We should see our propsal.md file has been created, defining our problem and high level approach to solving it.
Now is the time to be more creative. Add more context to your prompts, try including other files or projects to learn. Review your
proposal.md, see what you like and don’t like. Then ask the AI assistant to iterate over it until its correct.
Continuing the Workflow…More to come…
This should be a good start to begin using OpenSpec. While there are more details to be added here in the future, I’m not going to go through every step of the process since there are already great instructions here: OpenSpec Getting Started.

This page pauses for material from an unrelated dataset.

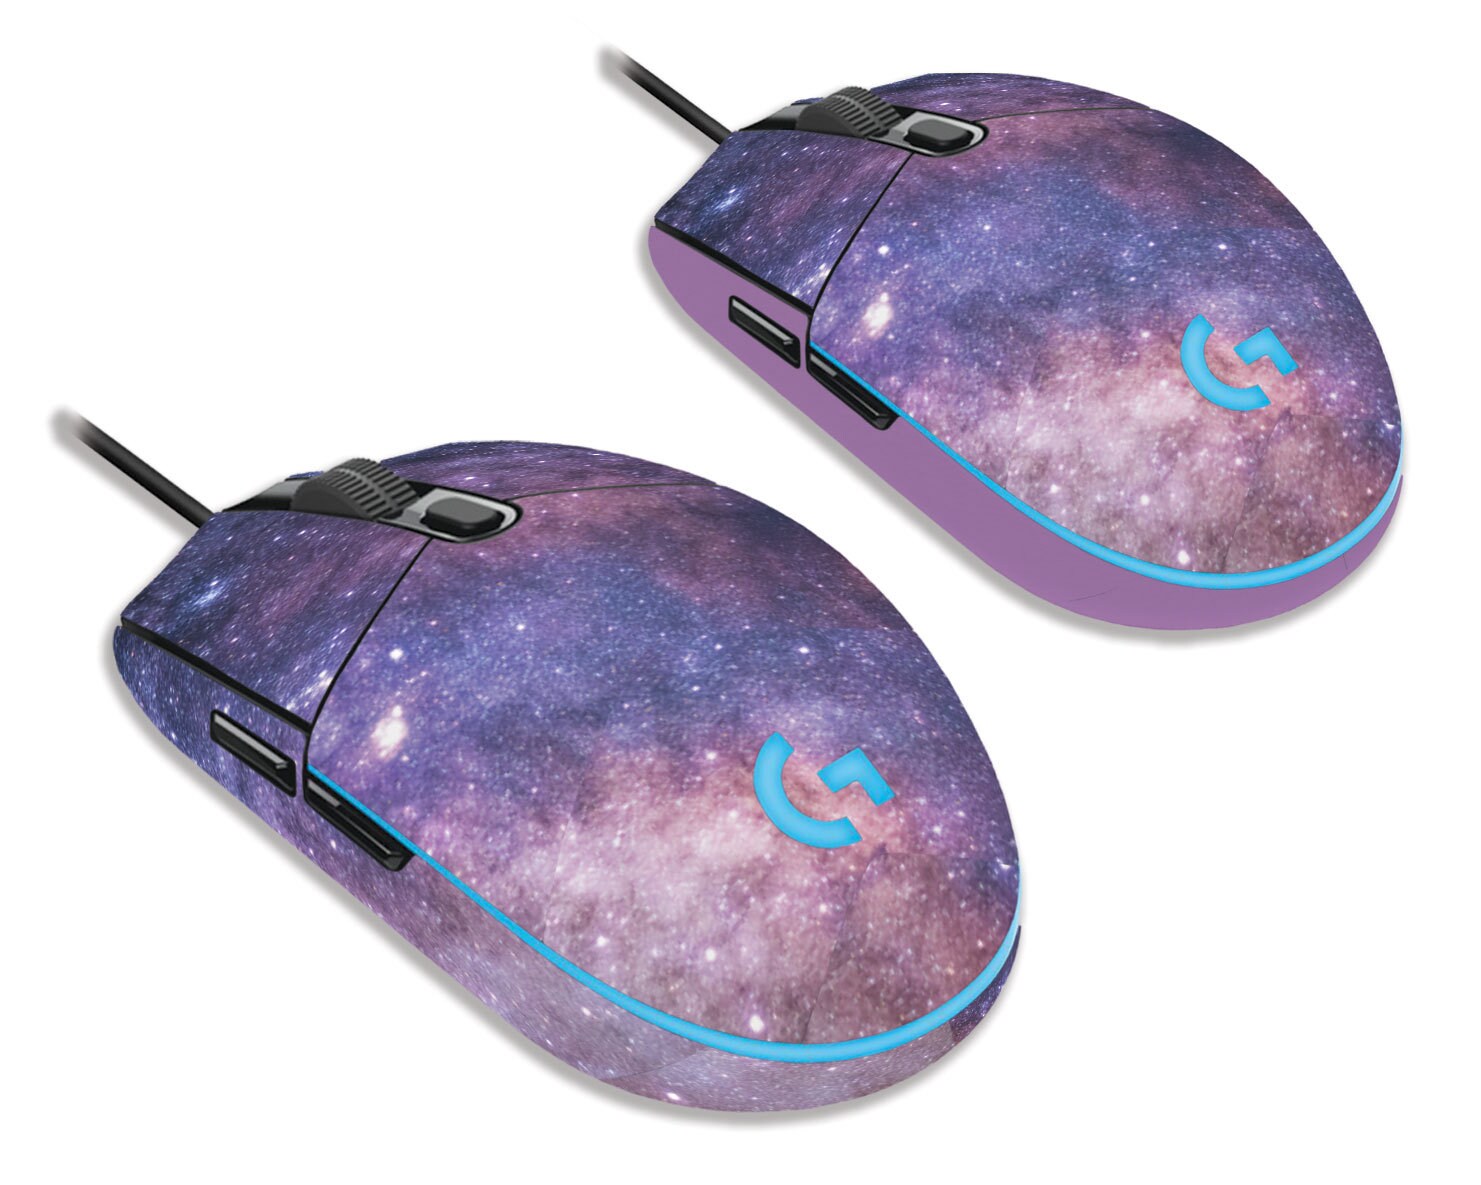 Мышь 80. Logitech g203. Logitech g203 Prodigy. Фиолетовая игровая мышь. Samsung Galaxy Mouse.

Also take a look the GitHub: kafka-test repo for the the specs I generated.
Wrapping Up
This post focused on OpenSpec and how it drives better AI assistant usage. The specs gave a single source of truth for what we wanted in our project. The change (proposal, design, tasks) made the path from idea to code explicit and traceable, and the archived change keeps an audit trail.
Benefits:
- Clarity before coding — You spell out requirements and scenarios up front, so implementation has a clear target.
- Traceability — You can trace from a scenario in a spec to the code that fulfills it, and from a task list to the files that were added or changed.
- Better alignment — Humans and AI assistants share the same reference (the specs and change docs), which reduces drift between intent and code.
- Lighter than heavy design docs — OpenSpec aims for enough structure to guide work without drowning in process. It works with Cursor, Claude Code, and other AI coding tools.
No code lives in the specs themselves. They describe what the system shall do. The code lives in the repo and is tied to the spec via the change workflow.
Next Steps
- Explore OpenSpec and spec-driven workflows for your own projects.
- Use the Confluent Python client documentation to go deeper on Kafka producers and consumers.
- Extend the example (e.g. more topics, different serialization) and document new behavior in the OpenSpec specs and a new change.
- You can run the example locally with Docker Compose and Python. No cloud account is required.